The simmering tensions along the LAC in the Galwan Valley between India and China took a violent turn on the night of Monday 15 June in which the Indian Army lost one officer and two soldiers according to a brief statement issued by the Indian Army. “During the de-escalation process underway in the Galwan Valley, a violent face-off took place yesterday night (Monday) with casualties on both sides. The loss of lives on the Indian side includes an officer and two soldiers,” it added. The statement also informed that “senior military officials of the two sides are currently meeting at the venue to defuse the situation.”
Later in late Tuesday night the Indian Army released an official statement and said “Indian and Chinese troops have disengaged at the Galwan area where they had earlier clashed on the night of 15/16 June 2020.”
The death toll was also revised to confirm17 more having succumbed – “who were critically injured at the stand-off location and exposed to sub-zero temperatures in the high altitude terrain, taking the total of killed in action to 20.” The Army statement further added, “Indian Army is firmly committed to protect the territorial integrity and sovereignty of the nation.”
Meanwhile, Indian intercepts reveal that the Chinese side also suffered major casualties, totalling 43, including dead and seriously injured, in the brutal face-off in the Galwan Valley. According to the sources, Chinese helicopters were seen airlifting casualties along the LAC on 16th June.
It was the first loss of lives along the disputed India-China border in the past 45 years. China, meanwhile, has alleged that the Indian troops “crossed the border” twice on 15 June and provoked and “attacked Chinese personnel” which led to serious physical conflict between the two sides. The Chinese Foreign Ministry also urged India to “strictly restrain its frontline troops from crossing the border or taking any unilateral action that may complicate the border situation.”
The last fatalities at the Line of Actual Control (LAC) had happened in 1975 when an Indian patrol was ambushed by Chinese soldiers in Arunachal Pradesh. A violent clash between the two sides on the border had also taken place in Nathu La in 1967.
Tensions between the two armies have been brewing at the borders since reports of a scuffle between the soldiers of both sides at Pangong Tso in eastern Ladakh and Naku La in Sikkim, early last month. Both the armies have since mobilised and reinforced forward positions and moved up heavy military equipment along the Line of Actual Control (LAC).

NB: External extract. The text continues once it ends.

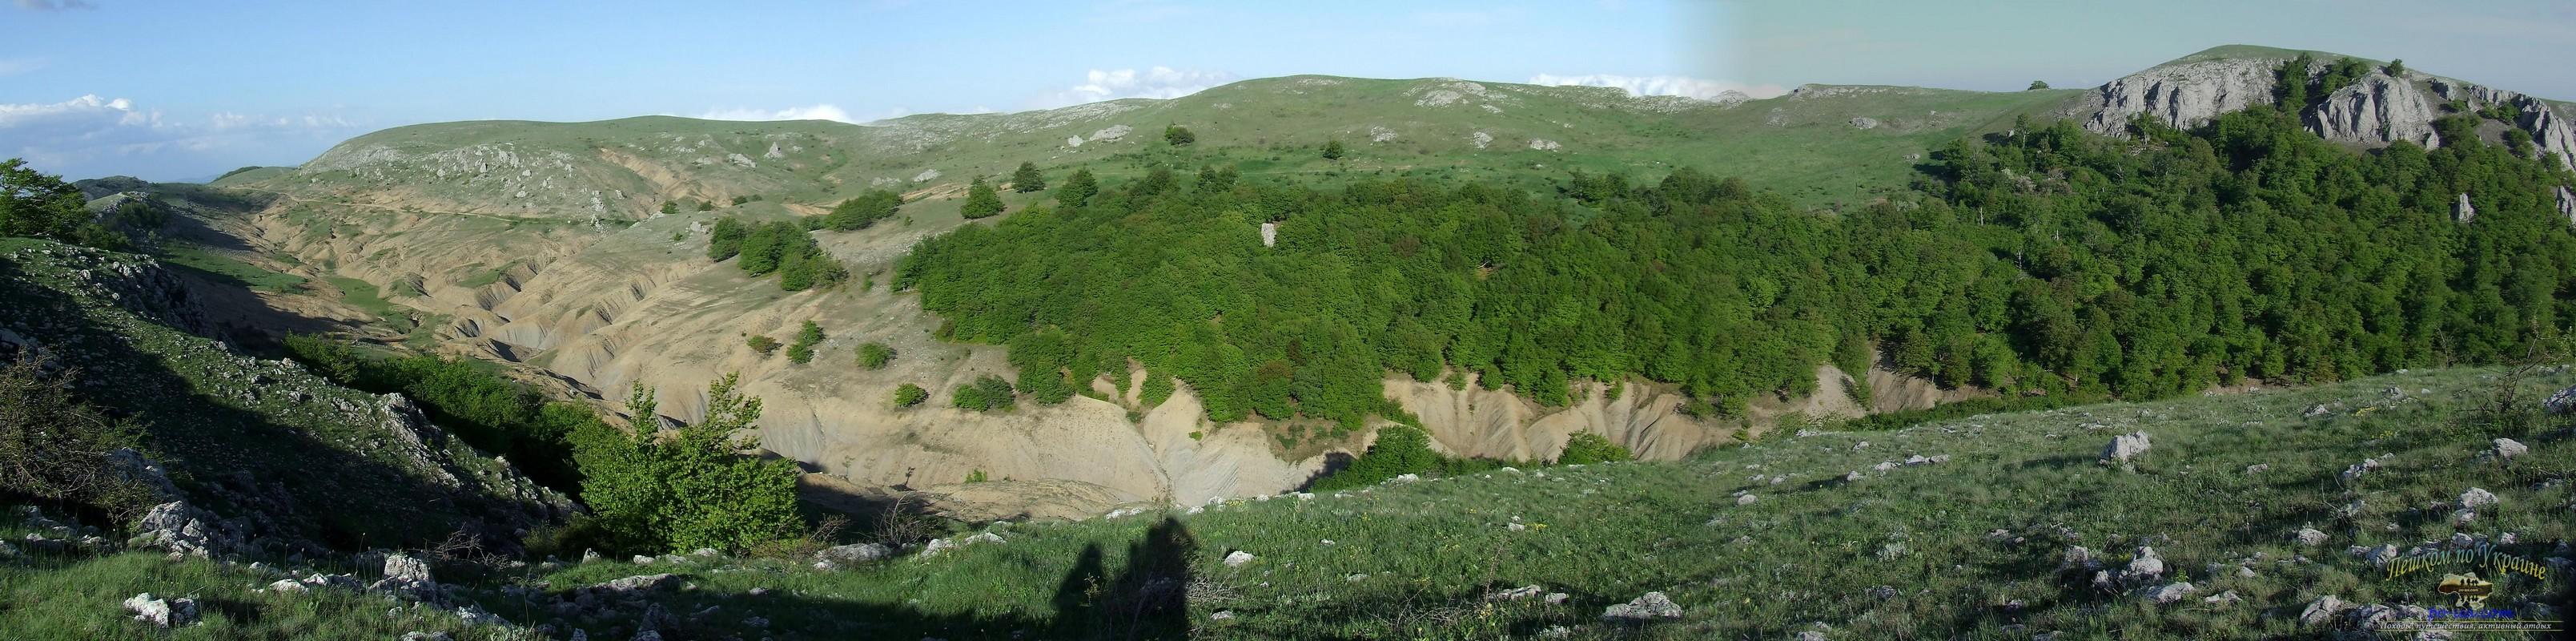 Ущелье Чигенитра

Latest Faceoff: Sequence of Events
Apart from two brief official statements issued by the Indian Army, the details of the situation in the Galwan Valley are hazy. There is an official confirmation about the deaths of Colonel B Santosh Babu, Commanding Officer (CO) and 19 soldiers in the violent clash on Monday night.
According to sources, in compliance with the agreement reached on 6 June between the Corps Commanders of India and China in a meeting held in the Chushul-Moldo region, the 16 Bihar Regiment, which is deployed in the area, was waiting at the Patrol Point 14, led by its Commanding Officer, to ensure that the terms of disengagement were being met by the Chinese side. The Chinese side needed to go back to Post 1 which is 5km to the east from Patrol Point 14, on their side of LAC, according to the disengagement plan.
As dusk fell, dozens of PLA soldiers suddenly turned back and attacked the Commanding Officer (CO) and two of his soldiers standing next to him with iron rods and stones injuring them grievously. The suddenness of the attack took Indian troops by surprise and the moment the CO fell to the ground, the rest of the Indian soldiers and the company further behind, got into a fight with the Chinese soldiers. The Chinese also brought in more reinforcements to take on the Indian battalion. Fisticuffs, jostling, pelting of stones, and blows with iron rods were exchanged at an altitude of 15000-16000 feet.
The fight went on till midnight, according to the sources, with soldiers going helter-skelter from both sides. Both sides were chasing each other and fighting, though no shots were exchanged. Yet, the grievous injuries on both sides did the heavy damage. The Chinese troops came prepared with iron rods, sticks studded with studs and metal tips and stones.
Exhausted, both sides dispersed after midnight. In the morning, senior officers from both sides rushed to the spot and held meetings at the level of Major Generals from either side to diffuse and de-escalate.
Undoubtedly, the killings of an Indian Army Commanding Officer and 19 soldiers in the Galwan Valley in eastern Ladakh, the first such incident in the last 45 years,is a massive escalation in the five-week border row.